Seems there are different areas to address – Alberta’s riverine flood risk (incompletely mapped, not well regulated) and Ontario’s urban overland flood risks (rarely mapped, never regulated).
The MMM presentation suggests there are two extremes for assessing the overland flood risks i) topographic mapping that can only define areas of interest but not extent of flooding, and ii) complex data and labour intensive modelling required to “understand risk and assess mitigation measures”. There is a middle ground beyond the topographic screening suggested (slides 85-88) which is GIS-based hydrology and hydraulics using provincial data sets – its neither data nor labour intensive. Here is an example of such analysis:
Why is it so important to not shy away from urban overland flood risk mapping?
1) Because that is where so much of the damages are focused – the Toronto example shows for the May 2000, August 2005 and July 2013 flood events only 2% of reported flooding was in the river flood vulnerable areas. You find a similar breakdown for Burlington’s 2014 where valley flooding documented by the conservation authority is in the double digits but urban flooding is in the 1000’s.
2) Because that is where the regulatory and policy gaps lie. You can’t manage what you don’t map.

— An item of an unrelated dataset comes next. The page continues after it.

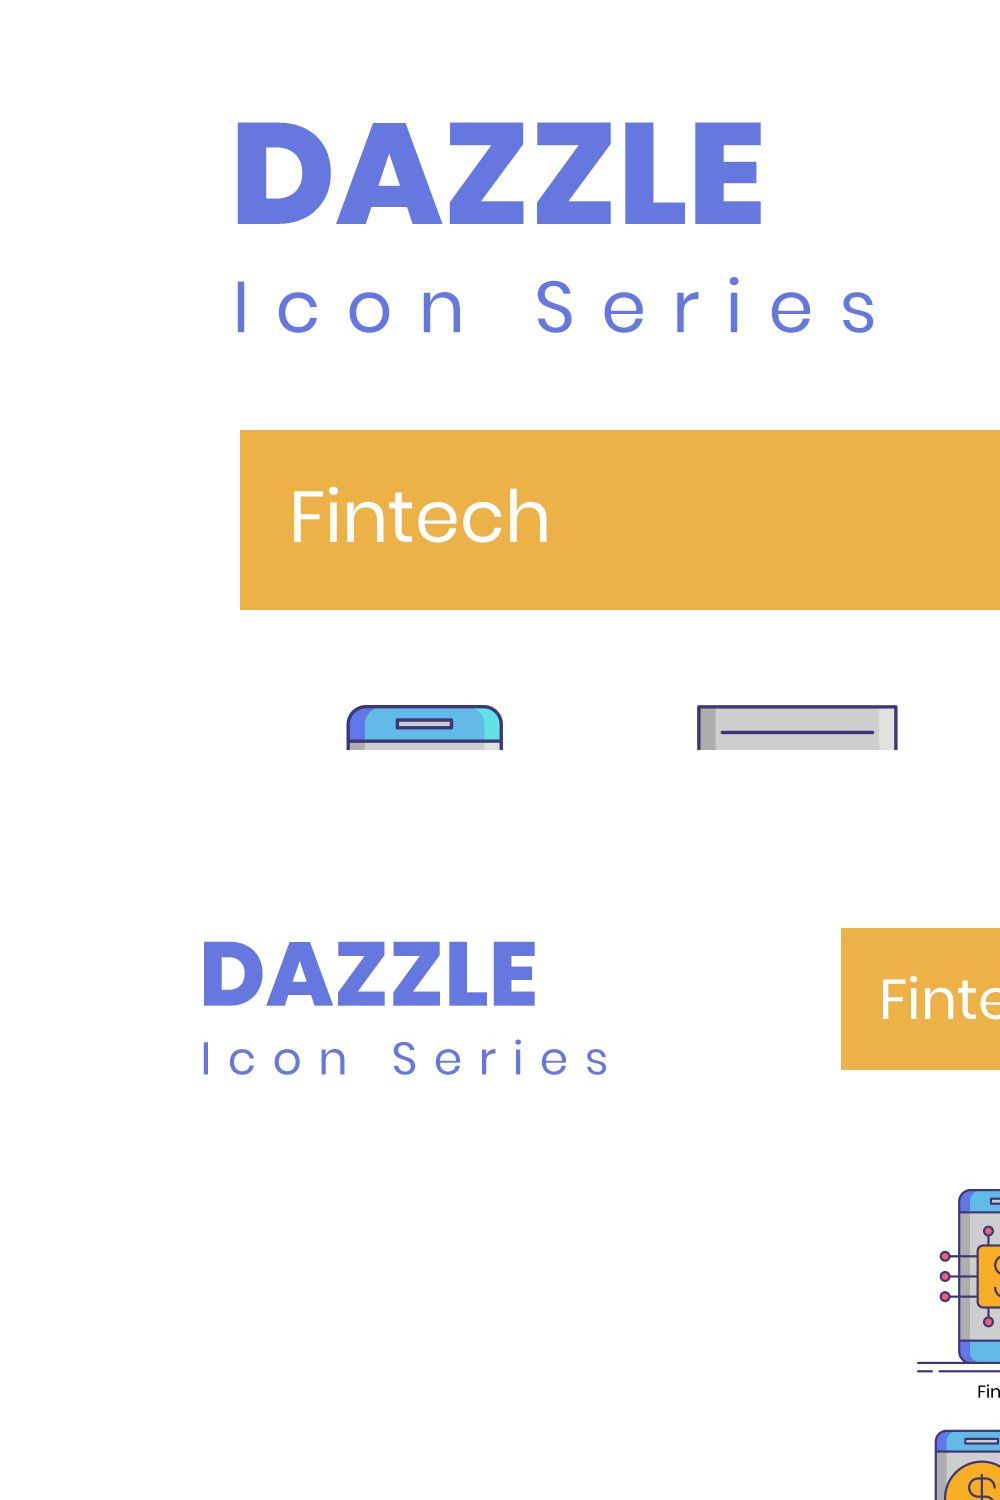 80 Fintech (V2021) Icons | Dazzle pinterest preview image.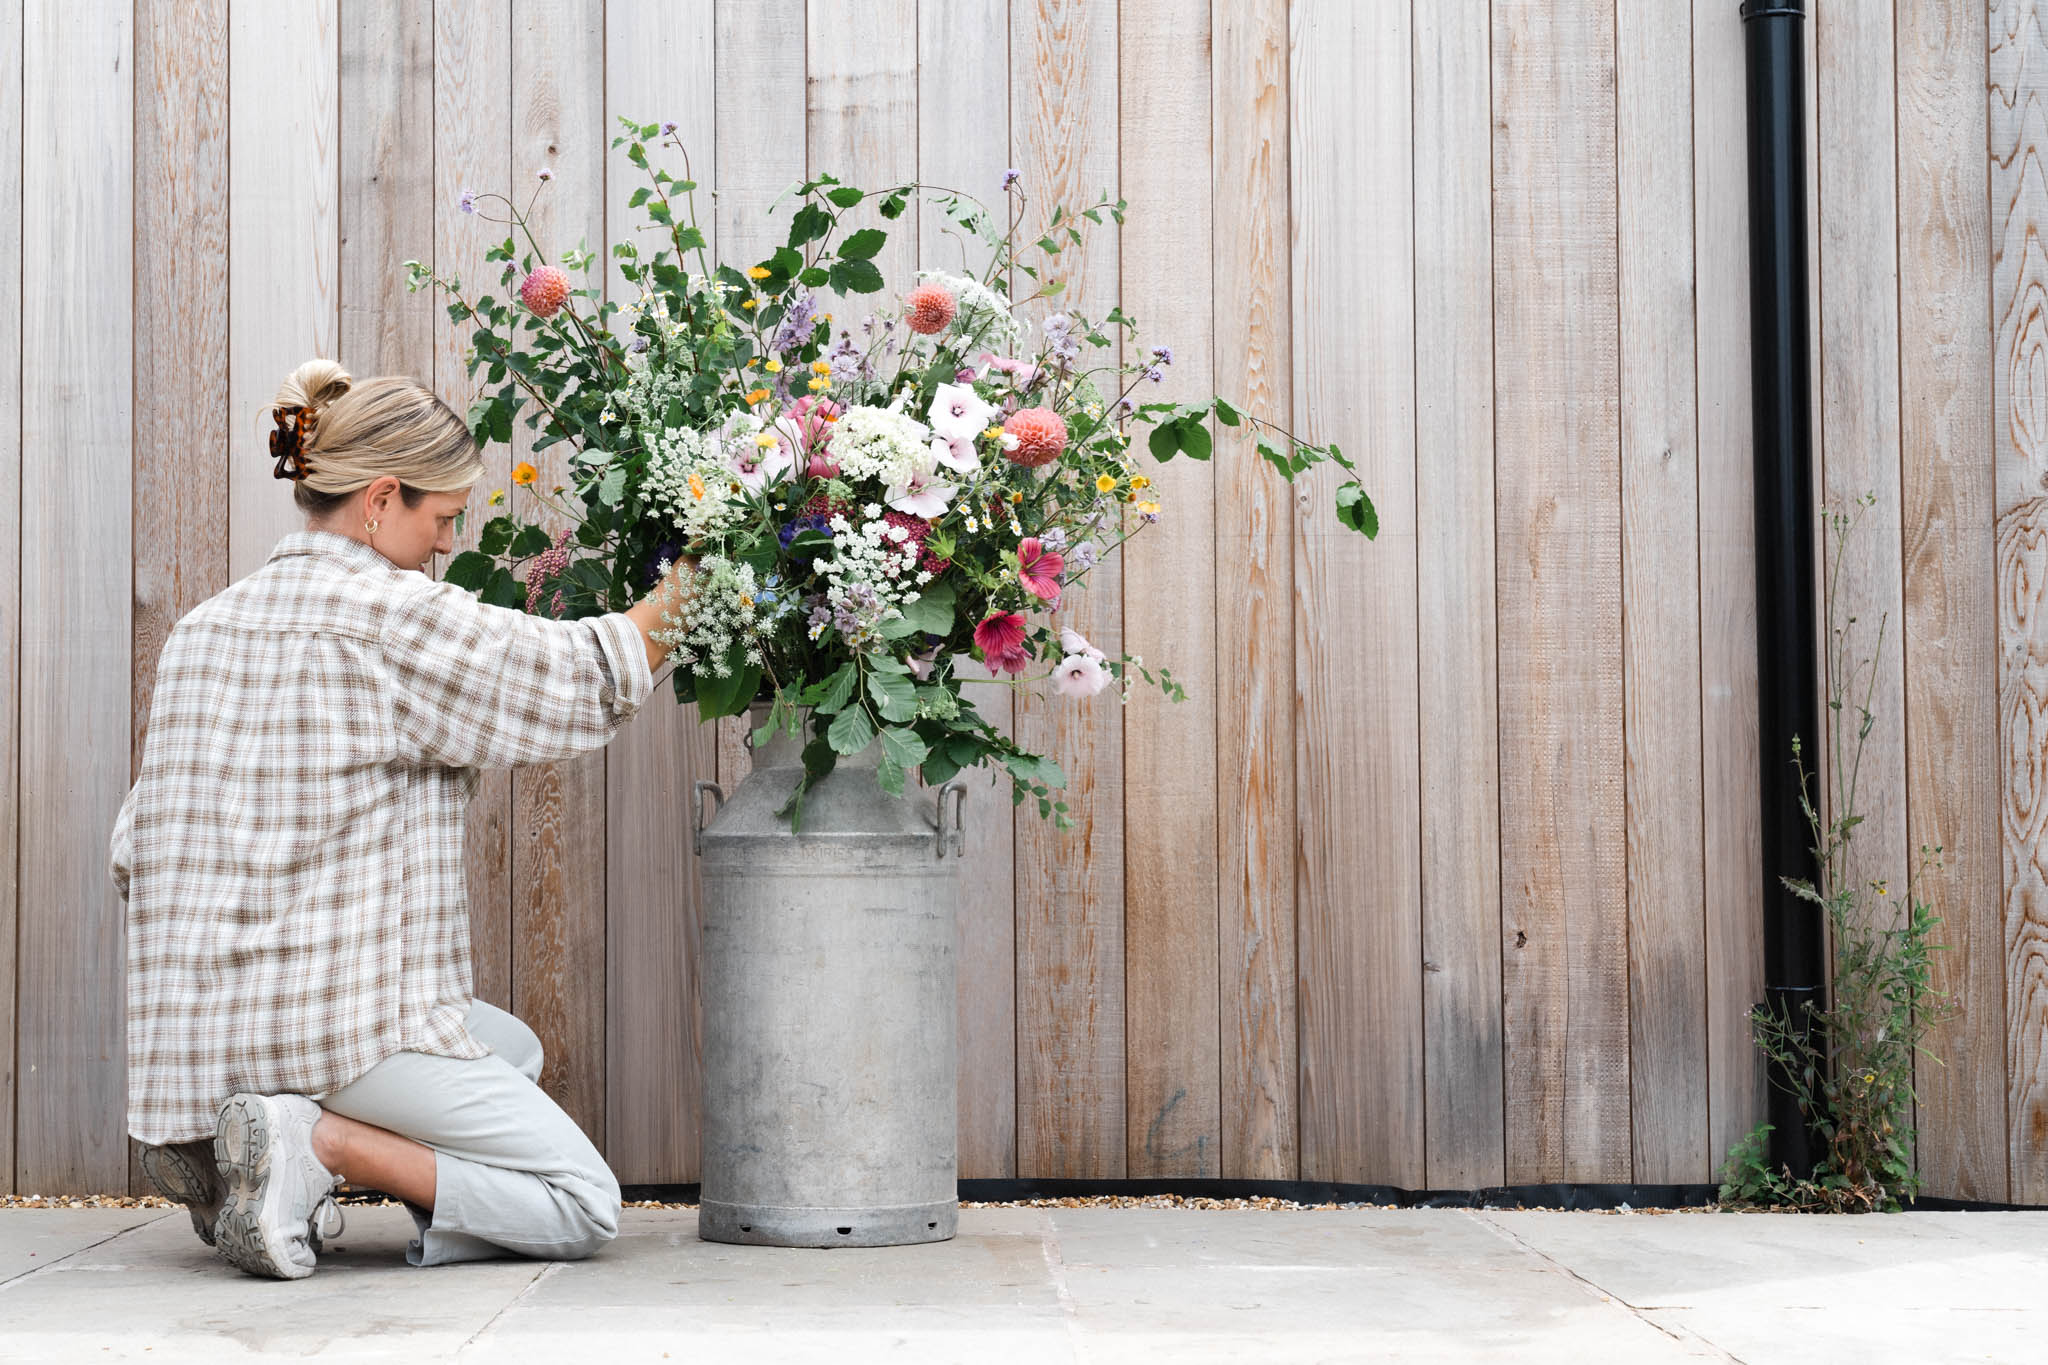 Bryonia, UK wedding florist using seasonal British flowers

We don’t need expensive coupled minor system – major system – 2D spill simulation models to define urban flood risks – those are certainly needed to design remediation. For extreme events, the minor system can be ignored for the purpose of risk management – if that system is woefully undersized everyone knows because of the number of sewer back-up reports or claims. For extreme events the urban overland topography explains risks, and drives the minor system risks too. As the MMM presentation suggests 100 year level of service is insufficient – so the minor system does not figure into those large events of interest.
For urban flood risk mapping, any urban drainage path with 200 ha of area flowing into it is at risk (there are some examples at the end of the slideshare deck). Any urban drainage path with 500 ha of area flowing into it is more at risk. One can apply buffers to the flow path or do the basic hydrology/hydraulics in GIS to define the risk areas as in the slideshare example.
Do we want to end up 10 years from now with updated floodplain maps in valleys where only a couple percentage of Ontarian’s live (per Conservation Ontario)? And no overland flood risk mapping for urban areas where 90% of damages are occurring?
When it comes to urban overland flood mitigation, municipalities need more support at the provincial / agency level to map, manage and regulate the risks. This will take some great conviction – not because of the cost (extending risk mapping onto urban tableland can be done cost effectively with 1D GeoRAS in my experience), but because of the land value impact of mapping hazards on developed properties.
The floodplain mapping framework should look closely at the urban overland flood risk question in the context of high historical damage areas, and ensure the updated mapping includes extending mapping up into tableland, beyond valleys. The real gap is not the age and accuracy of the floodplain maps but their extent – professionals know that there is no correct storm to simulate, no ideal return period, no realistic hyetograph pattern, no perfect rain-runoff transformation, no correct combination of antecedent conditions and event conditions, no correct storm positioning and movement relative to the catchment, no correct hydraulic roughness of the conveyance system, no correct loss coefficients of the hydraulic structures, etc. etc. etc. – we can update the maps and we still will not address the fundamental uncertainties.
We could be better off to leave the floodplain maps alone and look harder at extending risks mapping into urban flooding areas.